06:00PM, Sunday 16 July 2017
A former president of Maidenhead Civic Society who played a key role in the creation of the heritage centre and helped lay the foundations for town centre regeneration has died.
John McIntosh, who had only recently moved to Malvern from Maidenhead, passed away on Friday, July 7, aged 94.
He had been a member of the civic society, an independent lobby group which aims to preserve the best in Maidenhead, for 30 years and served on its planning group, which comments on new planning applications, for most of that time.
In 1999 he agreed to stand in temporarily as society chairman while another candidate was found, but the shoes fitted and he stayed in the post for nine years.
Subsequently, with the introduction of a new constitution, he became president in 2008. He stepped down in 2015 but remained a member of the society.
His achievements with the society were many, including playing a key role in the creation of Maidenhead Heritage Centre, for which he prepared the groundwork.

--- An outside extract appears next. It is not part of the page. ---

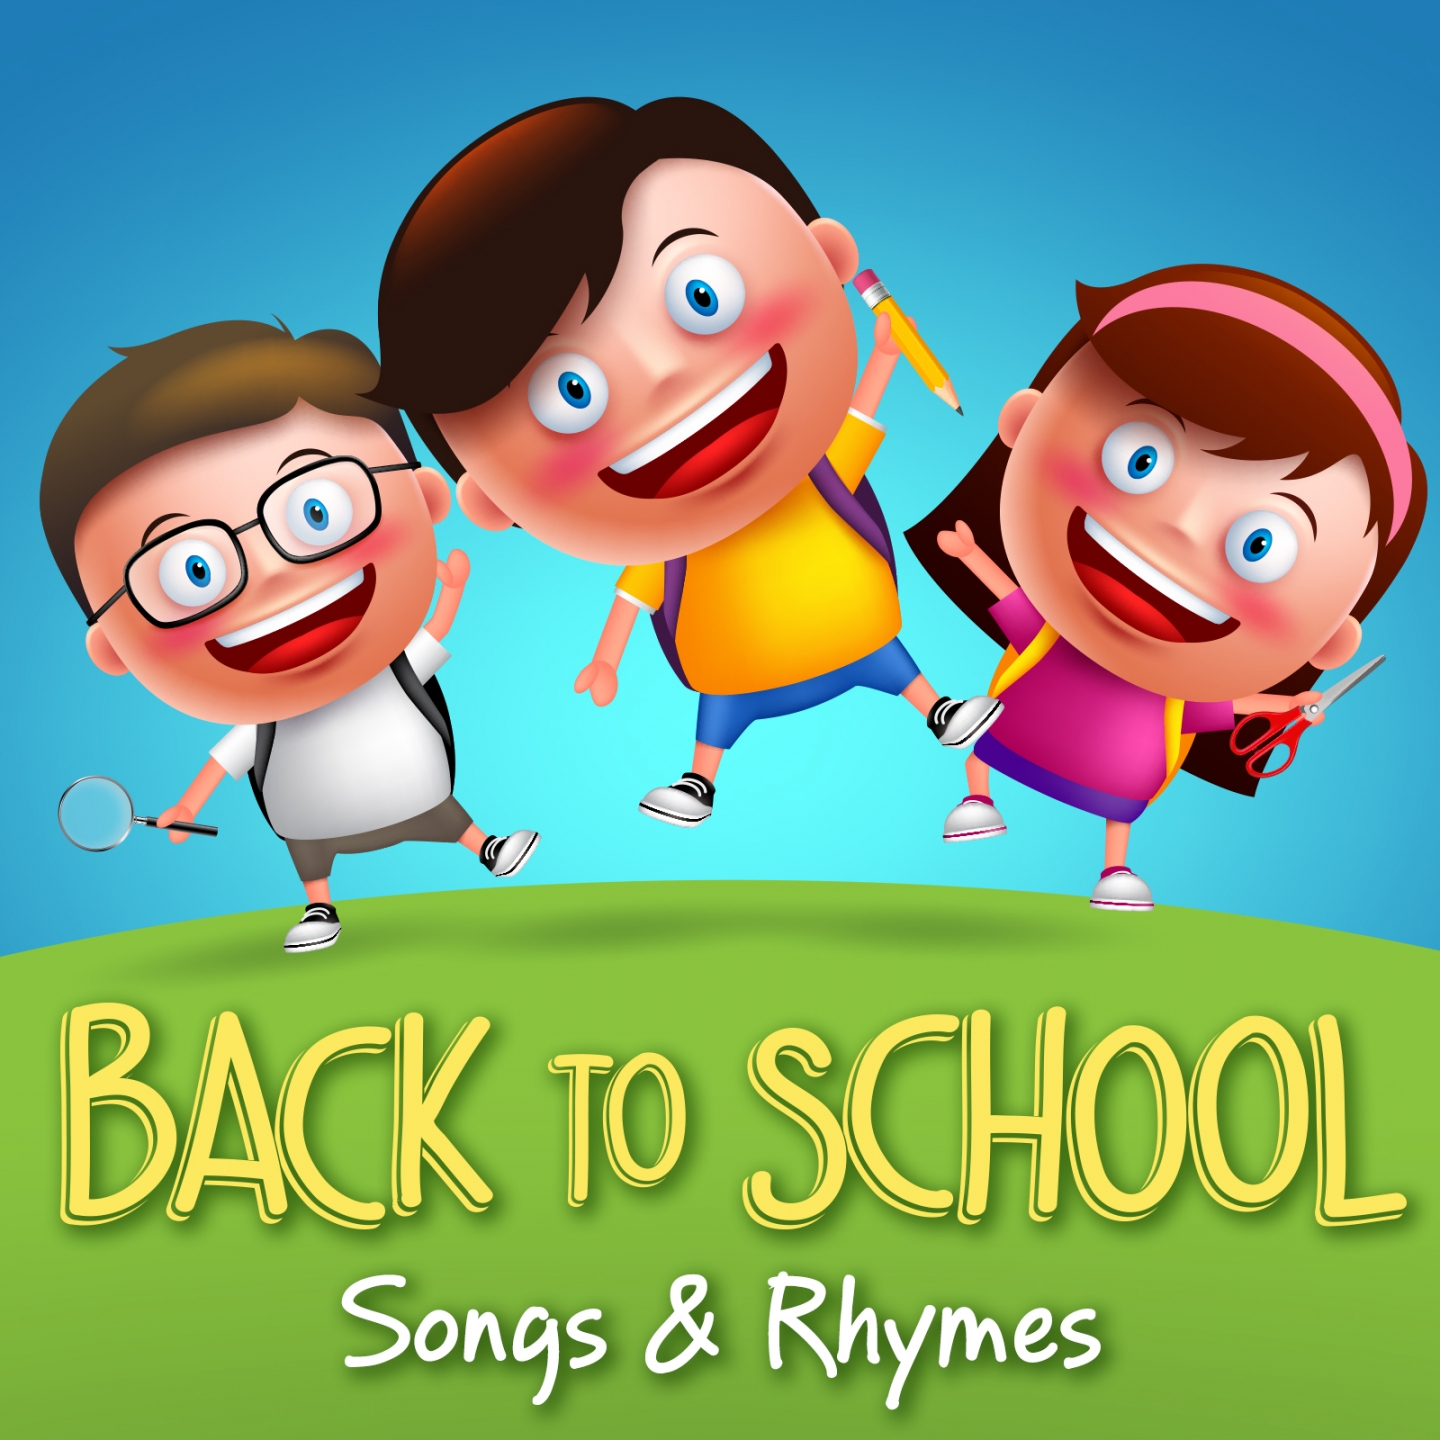 Back to School Songs & Rhymes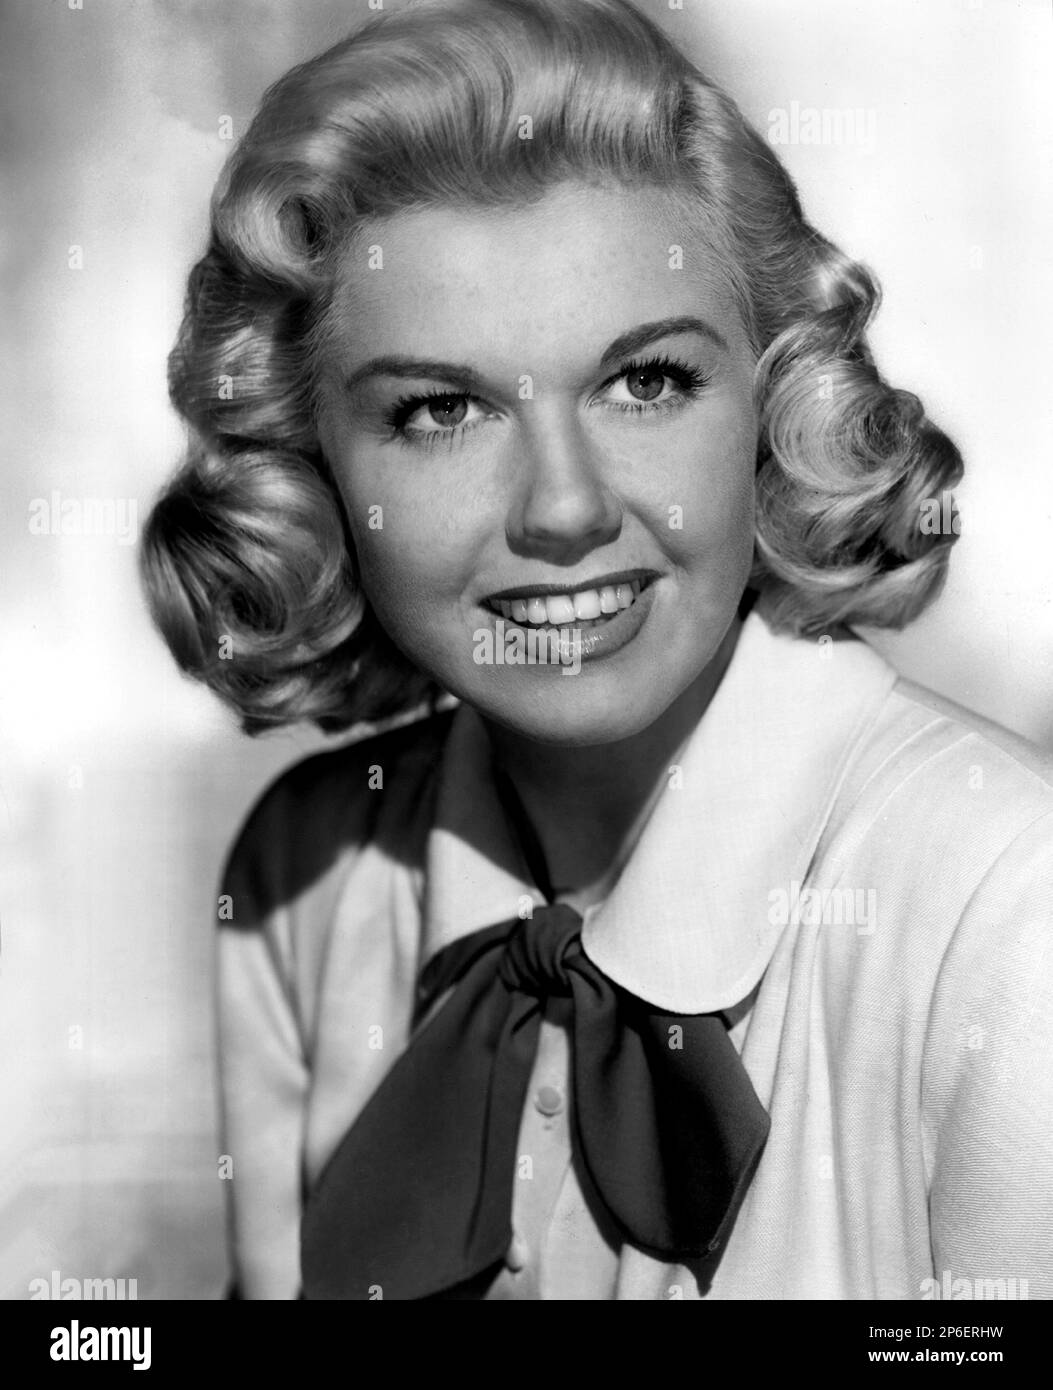 1949 ca : l'actrice et chanteuse DORIS DAY ( nom réel Doris Mary Ann Kappelhoff , née le 3 avril 1924 Cincinnati, Ohio, Etats-Unis ) dans un film pubblicity STILL - FILM - FILM - atrice cimatografica - blonde - bionda - sourire - sorriso - collier - colletto -- -- Archivio GBB Banque D'Images

He was also the driving force behind the society’s Strategic Review of Maidenhead in 2004 which led directly to the formation of PRoM (the Partnership for the Rejuvenation of Maidenhead) and latterly to the town centre regeneration taking place today.
Current chairman Bob Dulson said: “Keeping an eye on the past while looking to the future is one of the civic society’s strengths. History and heritage inform our thinking. It’s enshrined in our motto: Preserve the best, improve the rest.
“John was someone who epitomised that principle and informed it with his unique insight.”
A meteorologist in North Africa during the Second World War, Mr McIntosh spoke several languages including Russian and Spanish and, after marrying his wife, Sylvia, took his new bride on a tour of Franco’s Spain in a motorbike and sidecar.
He went on to a career as a scientist in industrial research and development with major UK multinationals including ICI and Metal Box.
Sylvia died from cancer in the 1990s. Mr McIntosh was an accomplished pianist and the couple, who had no children, loved classical music, particularly opera. Mr McIntosh made donations to the upkeep of the gardens at Glyndebourne in Sylvia’s memory.
His nephew Neil Roberts said: “His fierce intellect, knowledge and ability to listen and clarify often complex issues into simple easily understood English was the envy of even the brightest people.”
He is also survived by two sisters who live in Scotland.
His funeral is expected to take place in Gloucestershire in early August.